4. Mergers in the kids payment space

The kids fintech space has raised over $1B in recent years, yet most of the major players have not expanded internationally. Only GoHenry has started to expand (via their acquisition of PixPay). Combined with the dynamics in the games, entertainment, and toy space above, we’ll begin to see more activity like GoHenry’s in 2023.

5. Toys vs. gaming: the showdown

As games become the go-to strategy for connecting with toy fans, it starts to become clear that gaming is truly displacing physical toys with regard to play hours. Toy companies will continue to build (or acquire) game development expertise in 2023 in order to stay ahead.
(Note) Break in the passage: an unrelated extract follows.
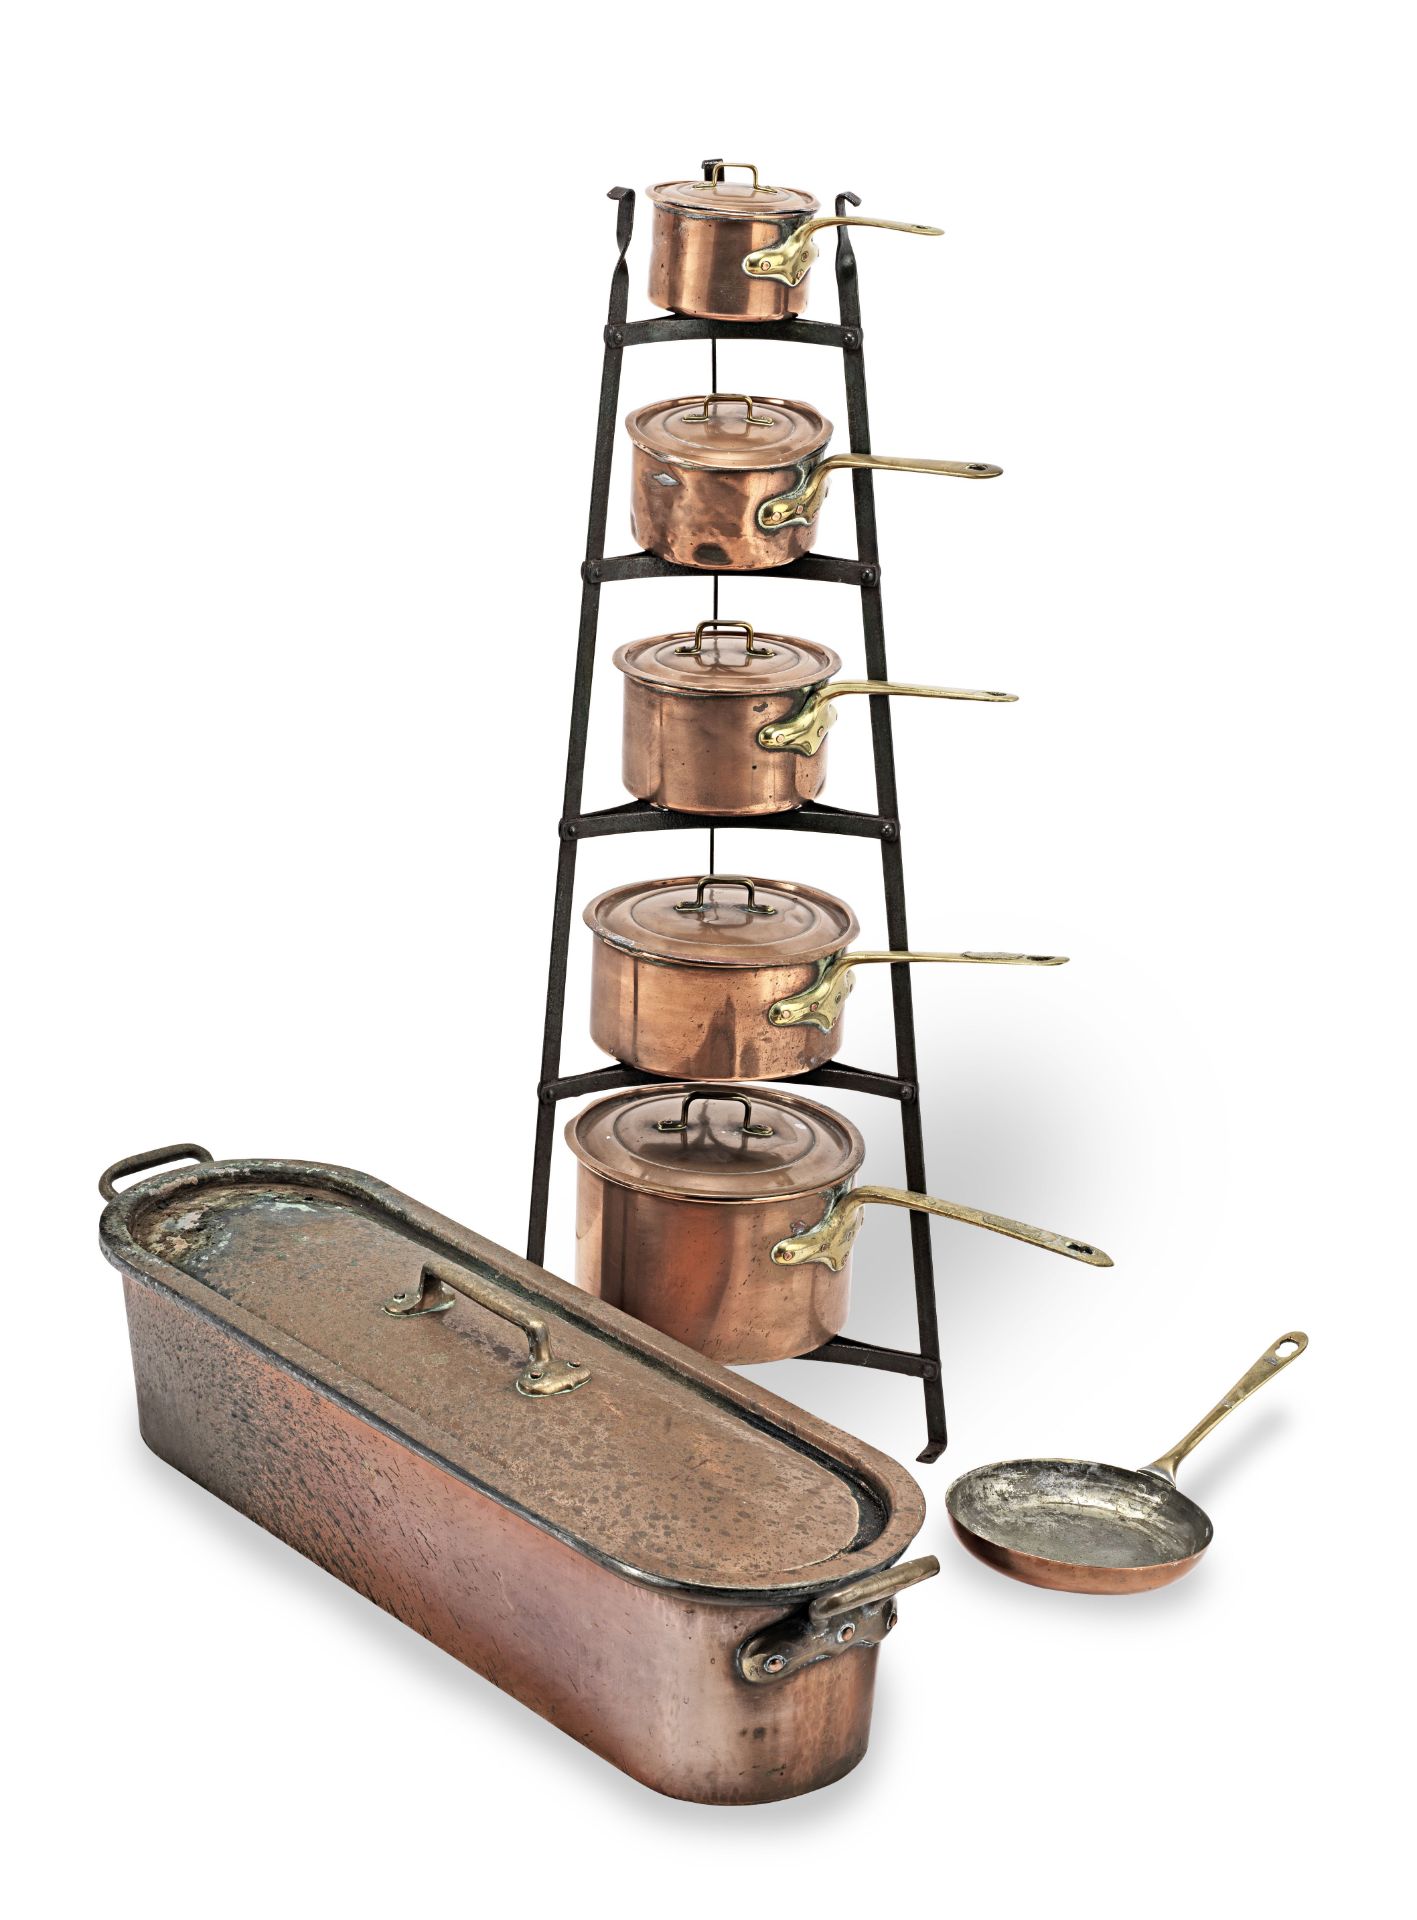 A collection of copper cooking utensils (14)
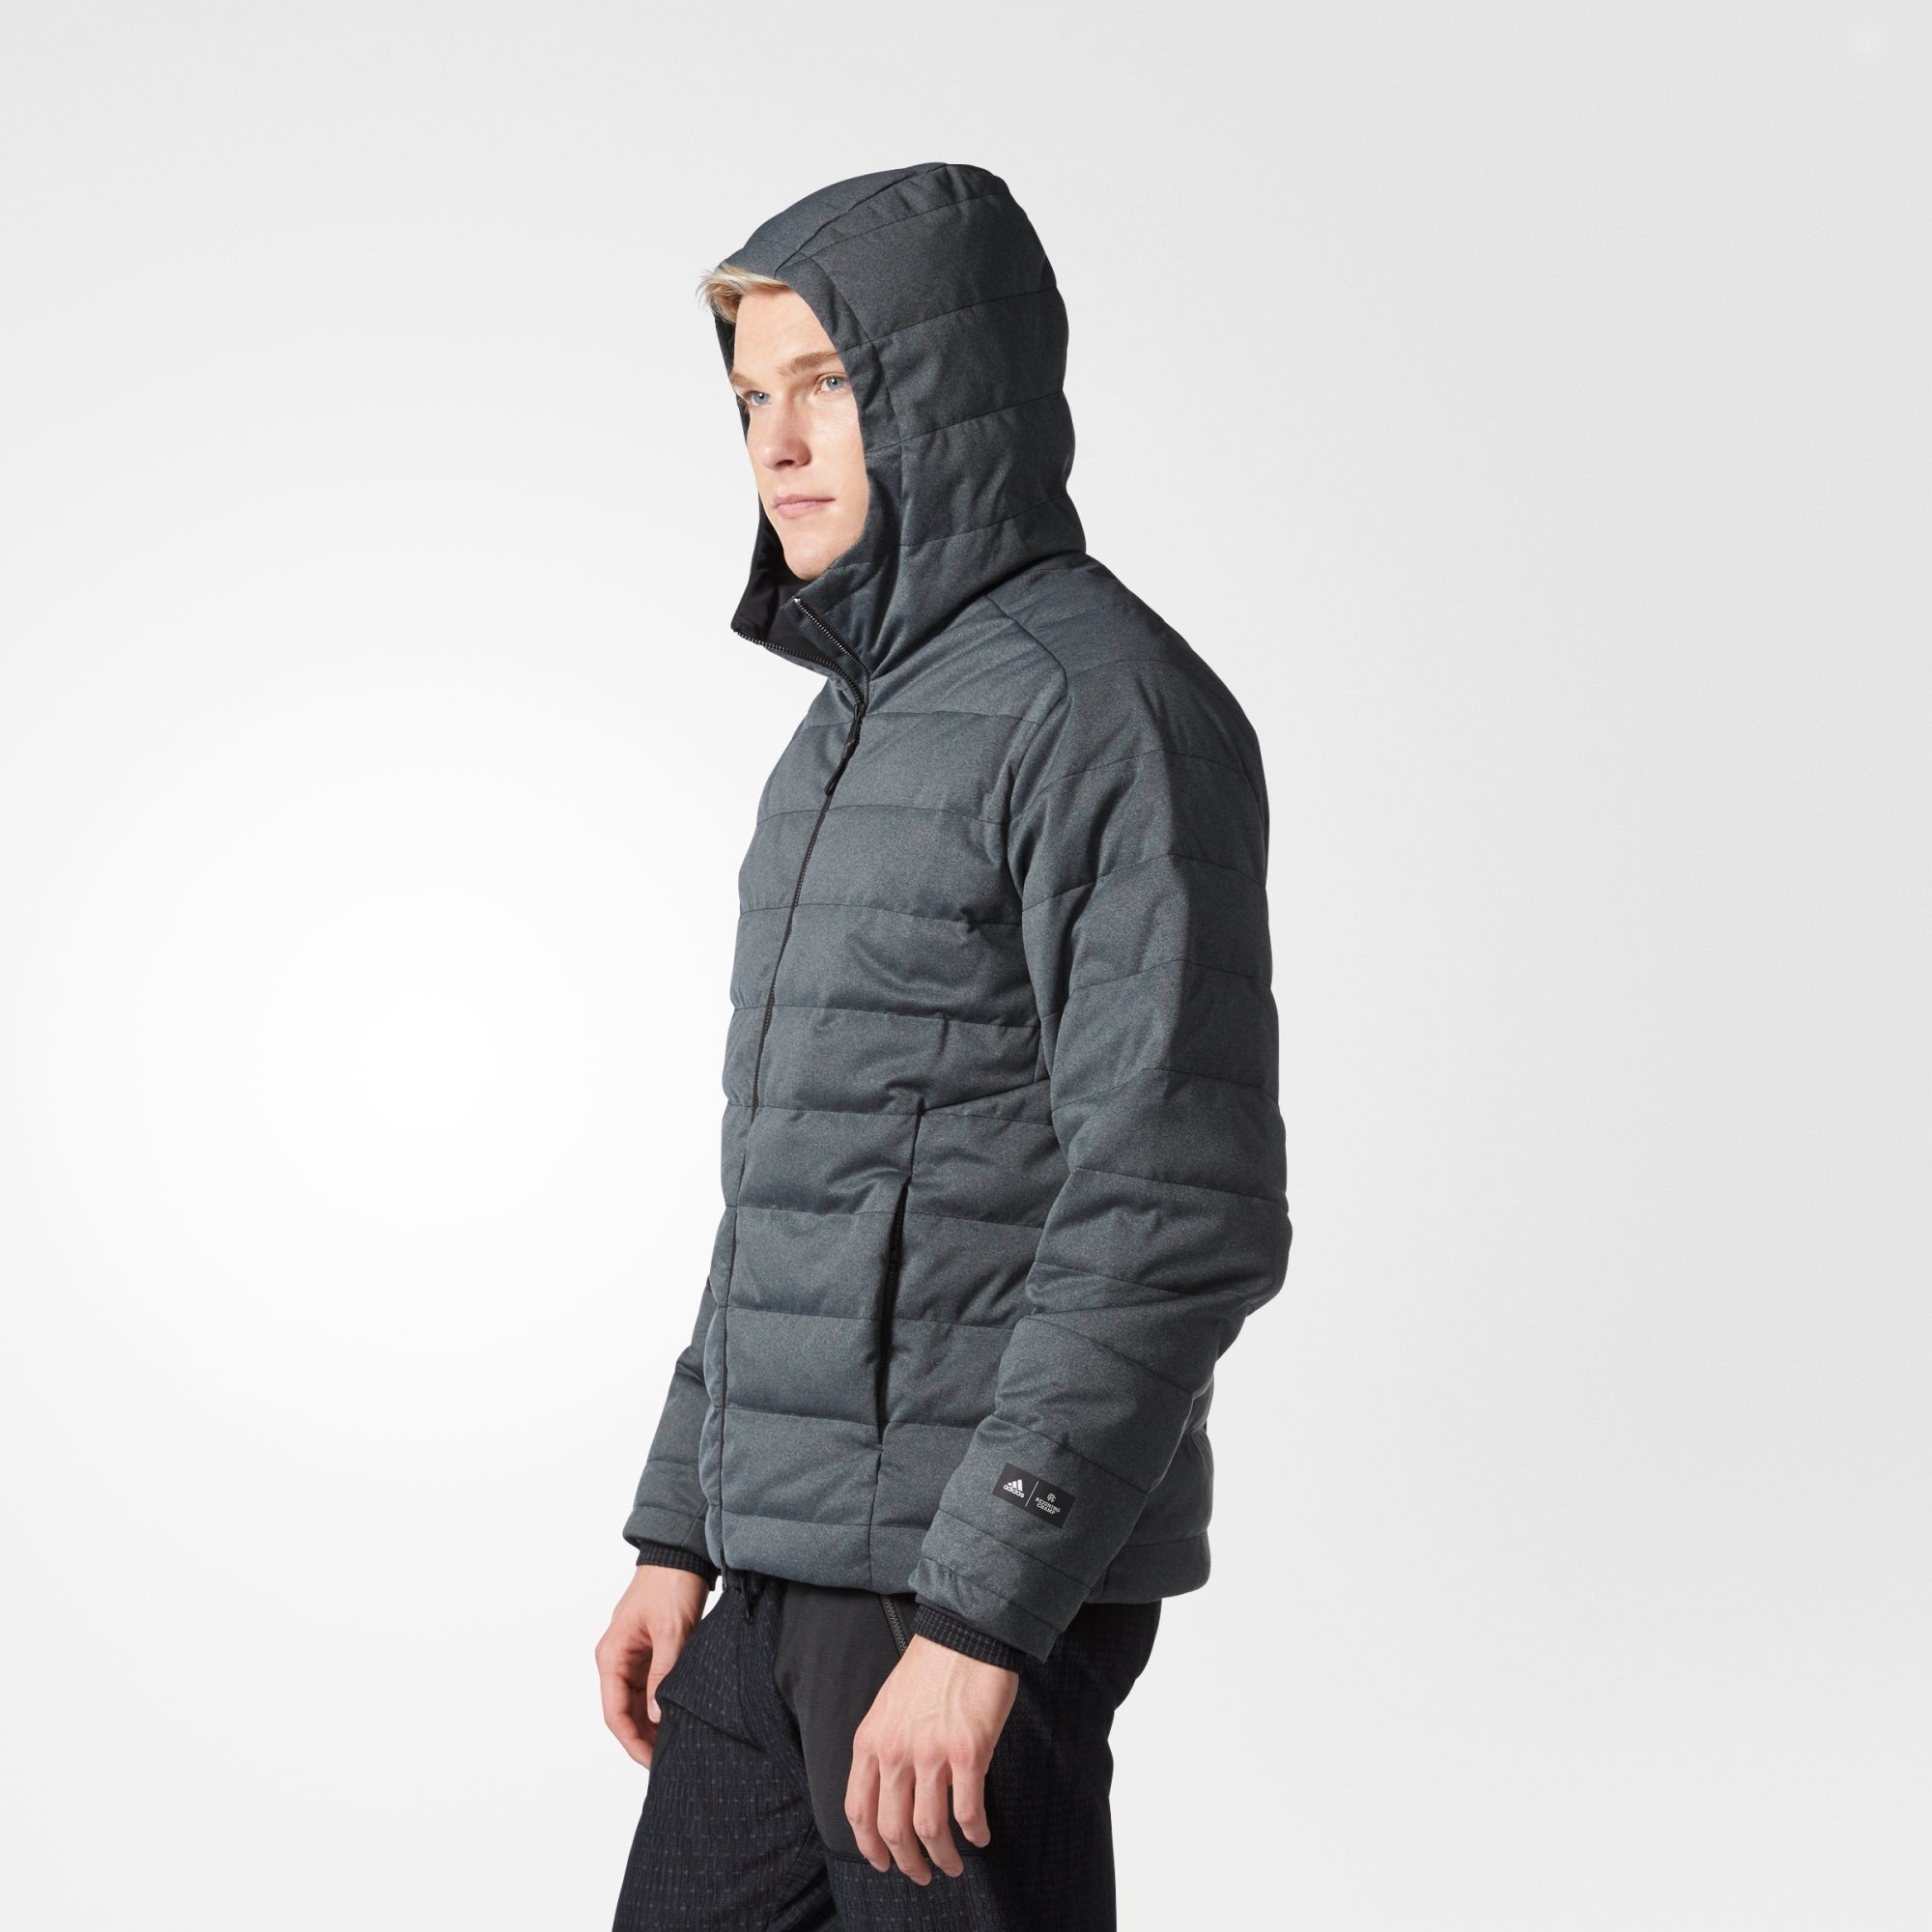 adidas reigning champ down jacket

6. The emergence of deeper niches in kids products will continue

Niche products and services specifically designed for children, such as Gabb Wireless, Yoto, and Tonies, will continue to emerge in the market. Although historically this segment has been capped in potential (usually by hand-me-down adult devices), an increasingly connected family home is making these niches deeper than ever before.

7. Rise of the influencer-based media company

Ten years from now, some of the biggest media companies in the world will have originated as individual content creators. Night Media (Mr. Beast) and Oni Studios (SypherPK) are just two current examples. In 2023, we’ll see more deliberate strategies from creators to transition their business models to scalable companies. 

8. The balance of kids’ influence starts to shift to Africa and Latin America

Do conversation predictions count? Good. Last year birth rates in the US dipped and a similar phenomenon is happening in China. The regions with the greatest number of kids today are now Africa and Latam, a trend which is set to continue. With a growing population of kids, these regions will begin to have more influence over the kids market.